En dernier lieu, nos discussions avec des mamans
d’enfants atteints de troubles de la communication
associés à un handicap mental nous ont amenées sur une
nouvelle dimension. En effet, si nous souhaitions offrir
un nombre important de pictogrammes pour permettre
une communication riche et variée, cela pouvait par
ailleurs engendrer une difficulté et un sentiment de
découragement leur enfant. Notre démarche a alors été de
proposer la création d’un dossier complètement adapté à
la personne et à ses caractéristiques particulières. Il s’agit
en quelque sorte de créer un univers qui serait propre aux
goûts et sujets abordés par l’utilisateur. Ainsi, si dans un
premier temps le communiquant n’aime parler que de son
chien et dire qu’il aime le chocolat, seuls les
pictogrammes respectifs à ces phrases apparaîtraient dans
le dossier de pictogrammes.
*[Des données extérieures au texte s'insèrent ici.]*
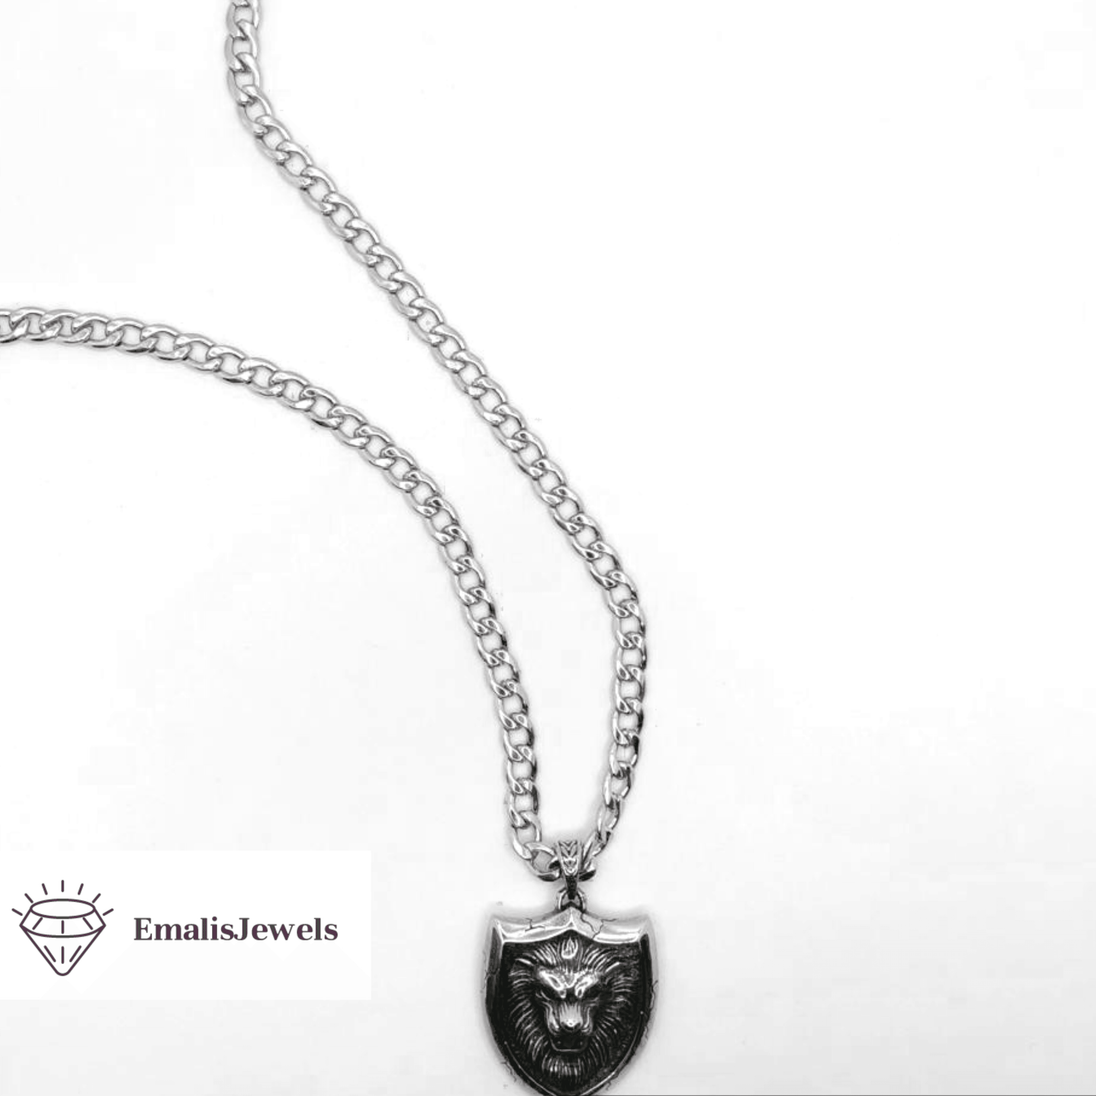 Stainless Steel Chain Necklace and Stainless Steel Lion Pendant - PremiumBrandGoods

Cela permet à l’utilisateur de
disposer des éléments justes et nécessaires à ses envies et
besoins, tout en permettant aux aidants d’incrémenter de
nouveaux pictogrammes au fur et à mesure de l’évolution
et progrès du communiquant.
V. TRADUCTION PICTOGRAMME-TEXTE
Pour une traduction pictographique simple nous avons
travaillé dans un premier temps sur des phrases simples
de genre : Sujet + Verbe + Complément (Fig .9) [9][10].
Si l’ensemble des pictogrammes contient un seul
pictogramme qui signifie un verbe, nous traitons la
phrase de manière suivant :
- Le sujet constitue tous les mots placés avant le verbe;
- Le verbe;
- Le complément constitue tous les mots placés après
le verbe;
Fig.9 : Les parties de la phrase pictographique.
A. Traitement du sujet
La vérification du sujet s’effectue en deux étapes : la
première étape concerne le genre du sujet. Une fonction
appelé TraitementSujet() envoie une valeur de type « M »
ou « F » pour indiquer le genre de notre sujet. Cette
fonction analyse aussi le nombre du sujet, c’est la
deuxième étape pour le traitement du sujet.
Le traitement du sujet nous aide à conjuguer le verbe
en accord avec leur sujet.
B. Traitement du verbe
La conjugaison du verbe se base essentiellement sur le
traitement du sujet. Il y a deux familles de verbe à gérer :
les verbes irréguliers et les verbes réguliers [11]. Pour les
premiers nous avons établi une base de données de tous
les verbes irréguliers présentés dans Pictokids. Nous
avons saisi la conjugaison de ces verbes en trois temps :
le présent, le passé composé et le futur. Par contre, les
verbes réguliers sont conjugués grâce à deux fonctions.
La première fonction ConjuguerPremier() conjugue tous
les verbes réguliers du premier groupe, et la deuxième
fonction ConjuguerDeux() concerne les verbes réguliers
du deuxième groupe.
C. Traitement du complément
Nous élaborons actuellement une règle générale pour le
complément. Néanmoins, il s’agit d’un traitement
semblable à celui du sujet avec l’ajout d’un article avant
chaque mot (Fig .10).
Fig.10 : Exemple d’une phrase simple.
D. Traitement de l’adjectif
L’absence d’un pictogramme signant le verbe
« être », nous a conduit à établir une fonction qui permet
d’ajouter ce verbe automatiquement à la phrase textuelle
sans que l’utilisateur cherche le pictogramme « être ».
Dans notre cas, tous les adjectifs seront précédés par le
verbe « être » en respectant les règles de la grammaire
française (Fig .11).
Fig.11 : Exemple d’un adjectif.
VI. EVALUATION ERGONOMIQUE
Une première évaluation ergonomique a été réalisée
dans l’optique de vérifier la qualité de la communication
entre l’émetteur et le récepteur, en termes de temps de
recherche d’information et d’adaptation au public visé.